2.3. Analysis of Differentially Expressed Genes (DEGs)

Differential expression analysis was carried out using the DESeq2 V1.48.1 package in R. DEGs were filtered with |log2 fold change| ≥ 1 and p-value < 0.05. For each comparison group (HP_20 vs. LP_20, HP_30 vs. LP_30, HP_40 vs. LP_40, and HP_50 vs. LP_50), MapMan V3.6.0 was used to analyze the enrichment of metabolic pathways among these DEGs. Functional annotation of all expressed genes was conducted using the GO and KEGG database, and significant GO terms and KEGG pathways were identified.

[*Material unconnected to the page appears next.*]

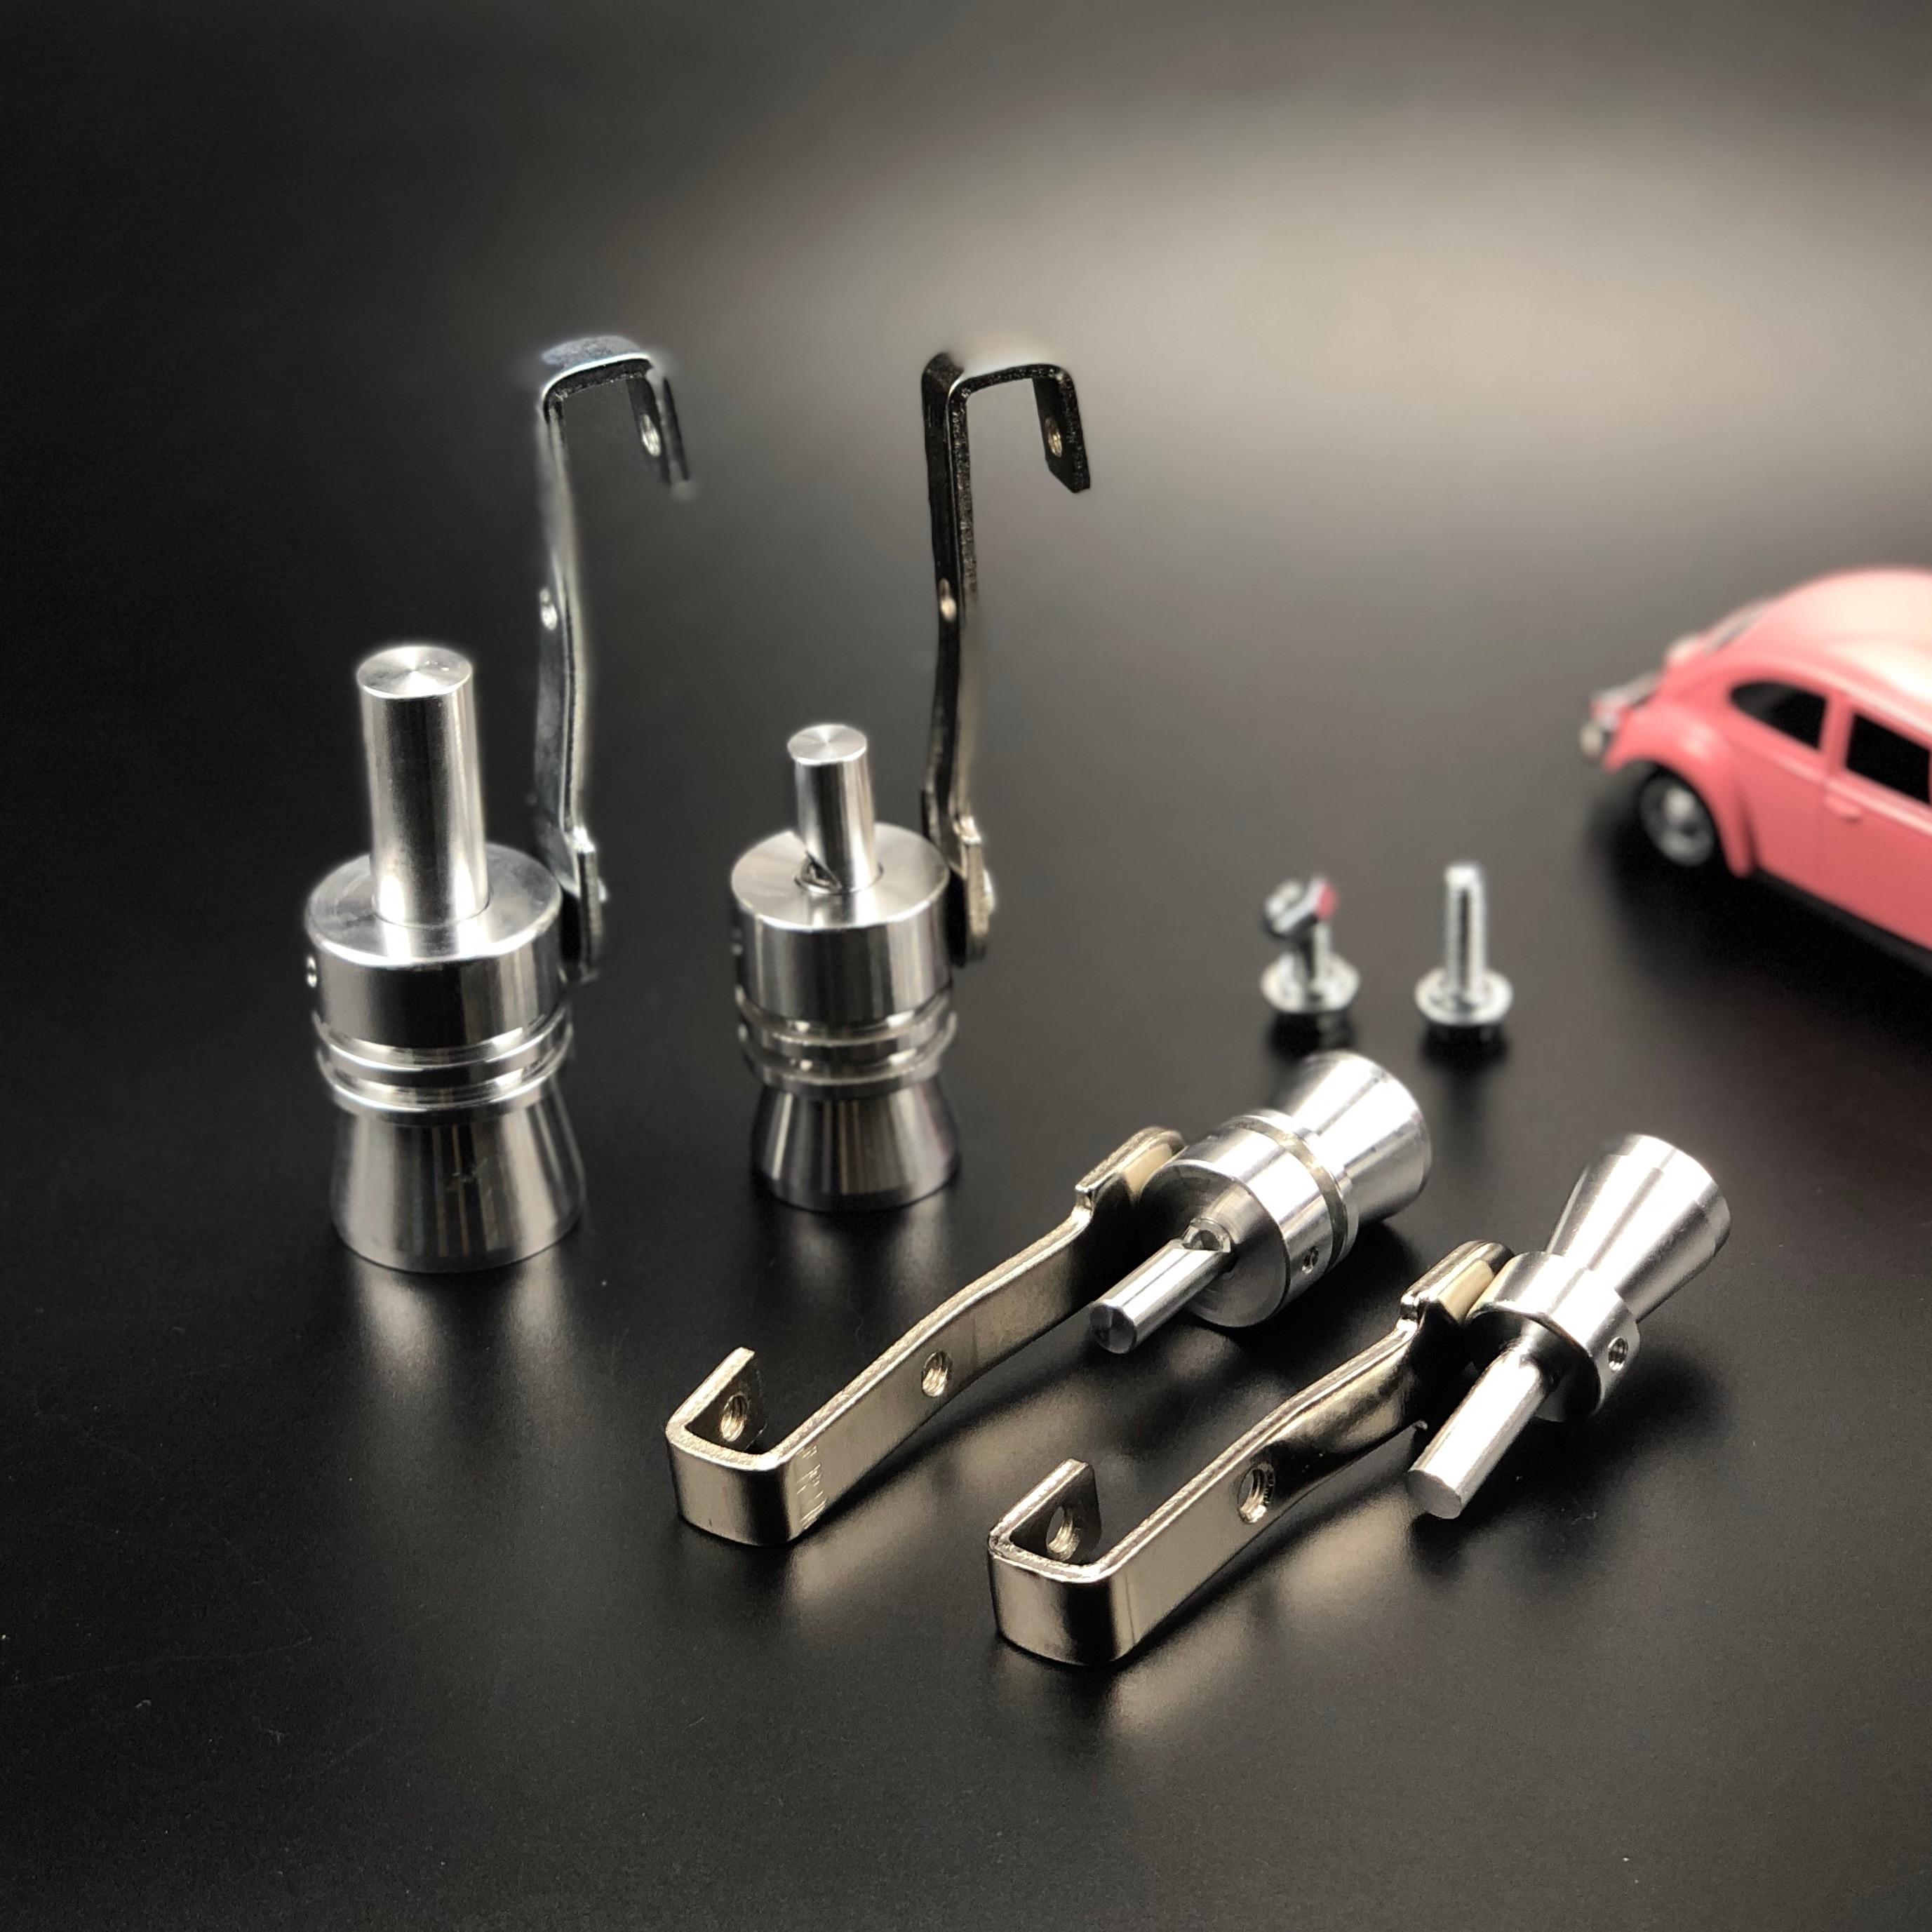 Accesorios de coche, Turbo silbato para Kia SORENTO Stinger Niro Carnival Ray Venga, procesado Stonic SP Telluride

2.4. Quantitative Real-Time Polymerase Chain Reaction (qRT-PCR) Verification

To evaluate the relative expression of ten DEGs across various periods and to confirm the RNA-seq findings, qRT-PCR was employed. Supplementary Table S2 included the gene-specific primers used for qRT-PCR. And in this study, the gene TUBB3 (β-tubulin, NCBI Gene ID: 547844) from soybean served as the internal control, and each reaction was performed with three technical replicates. The relative expression fold changes of the genes in HP compared to LP were determined using the 2−ΔΔCt method [26]. In RNA-seq analysis, the fold differences of genes between HP and LP were counted via the TPM method. The log2 fold change values from both qRT-PCR and RNA-seq for DEGs were employed for graphical representation.

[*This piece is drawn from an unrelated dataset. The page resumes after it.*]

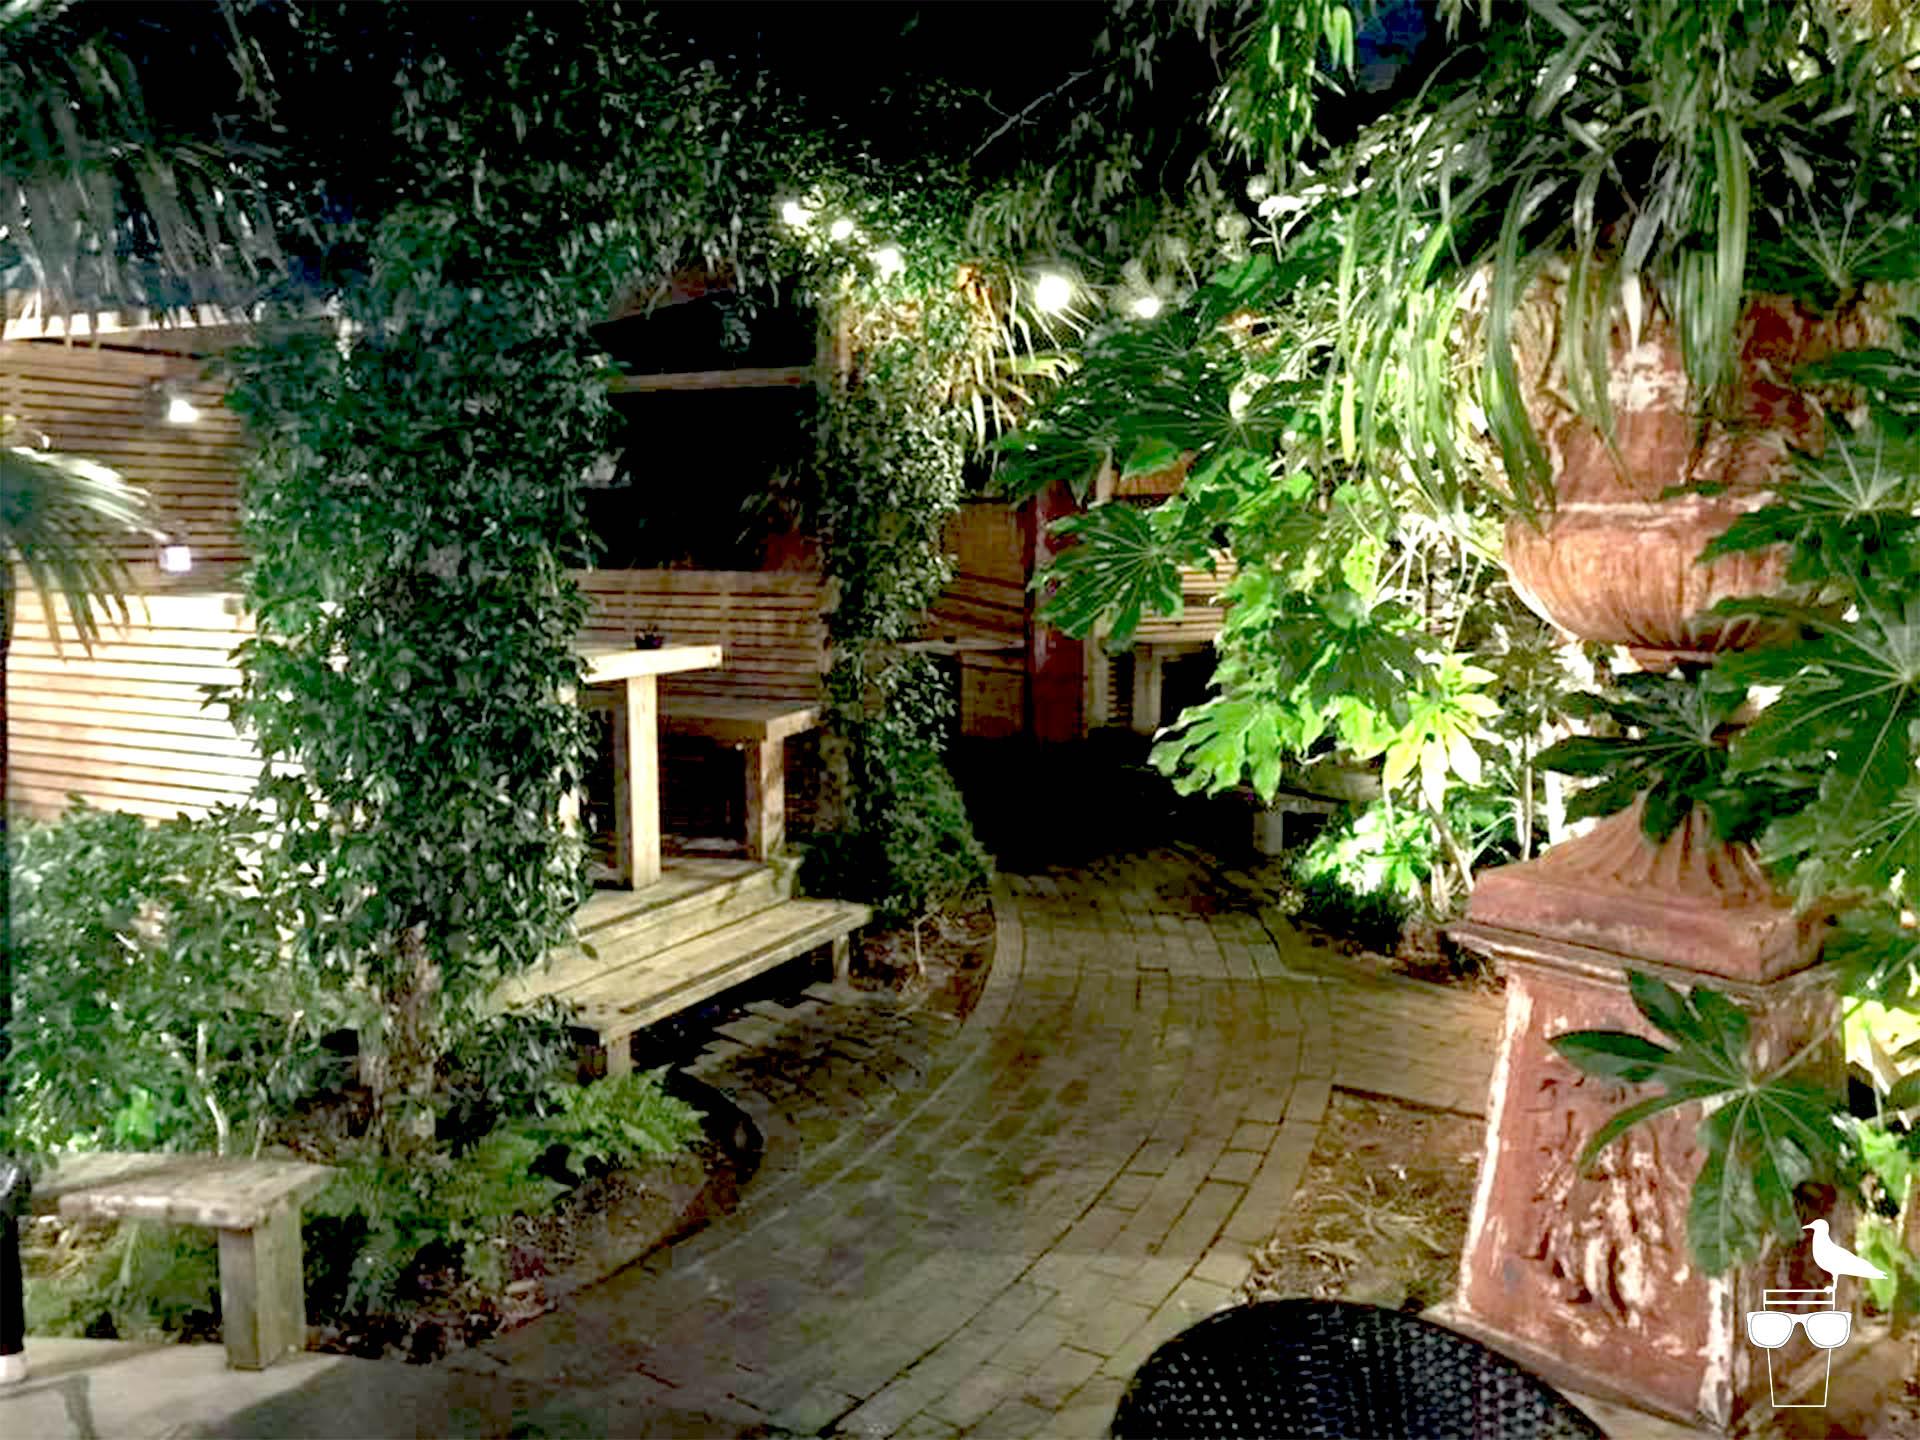 open house pub london road brighton garden pathway

2.5. Gene Expression Trends Cluster Analysis

Based on the TPM values of each group (HP and LP from 20 to 50 DAF), MapMan V3.6.0 was used to cluster the gene expression trends within each group using Euclidean distance. For genes in different clusters with distinct gene expression trends, the R package Pheatmap V1.0.13 was used for the graphical presentation of gene expression.

2.6. WGCNA

WGCNA was performed using R package WGCNA V1.72.5 [27]. A gene cluster dendrogram was constructed with a power value of 15. The gene modules were further classified and clustered by a similarity threshold of 0.8 and a minimum module size of 30. For co-expression network construction, the top 100 gene pairs with the highest weighted value in each module were chosen, and the gene ranked highest by the degree method in cytoHubba (a Cytoscape V3.9.1 plugin) was designated as the hub gene. The network of trait-specific modules was visualized using Cytoscape V3.9.1.

3. Results

3.1. Comparison of Protein Content Between HP and LP

In this study, two soybean landraces, HP and LP, were analyzed, which both have yellow seed coats and similar seed sizes (Figure 1A). There was a significant difference in the dry seed protein content between these two landraces across different years (Figure 1B). Specifically, in 2022, the LP group exhibited a protein content of 38.1%, while the HP group showed a higher protein content of 43.6%. Similarly, in 2023, the protein content of the LP group was 34.1% compared to 40.63% in the HP group.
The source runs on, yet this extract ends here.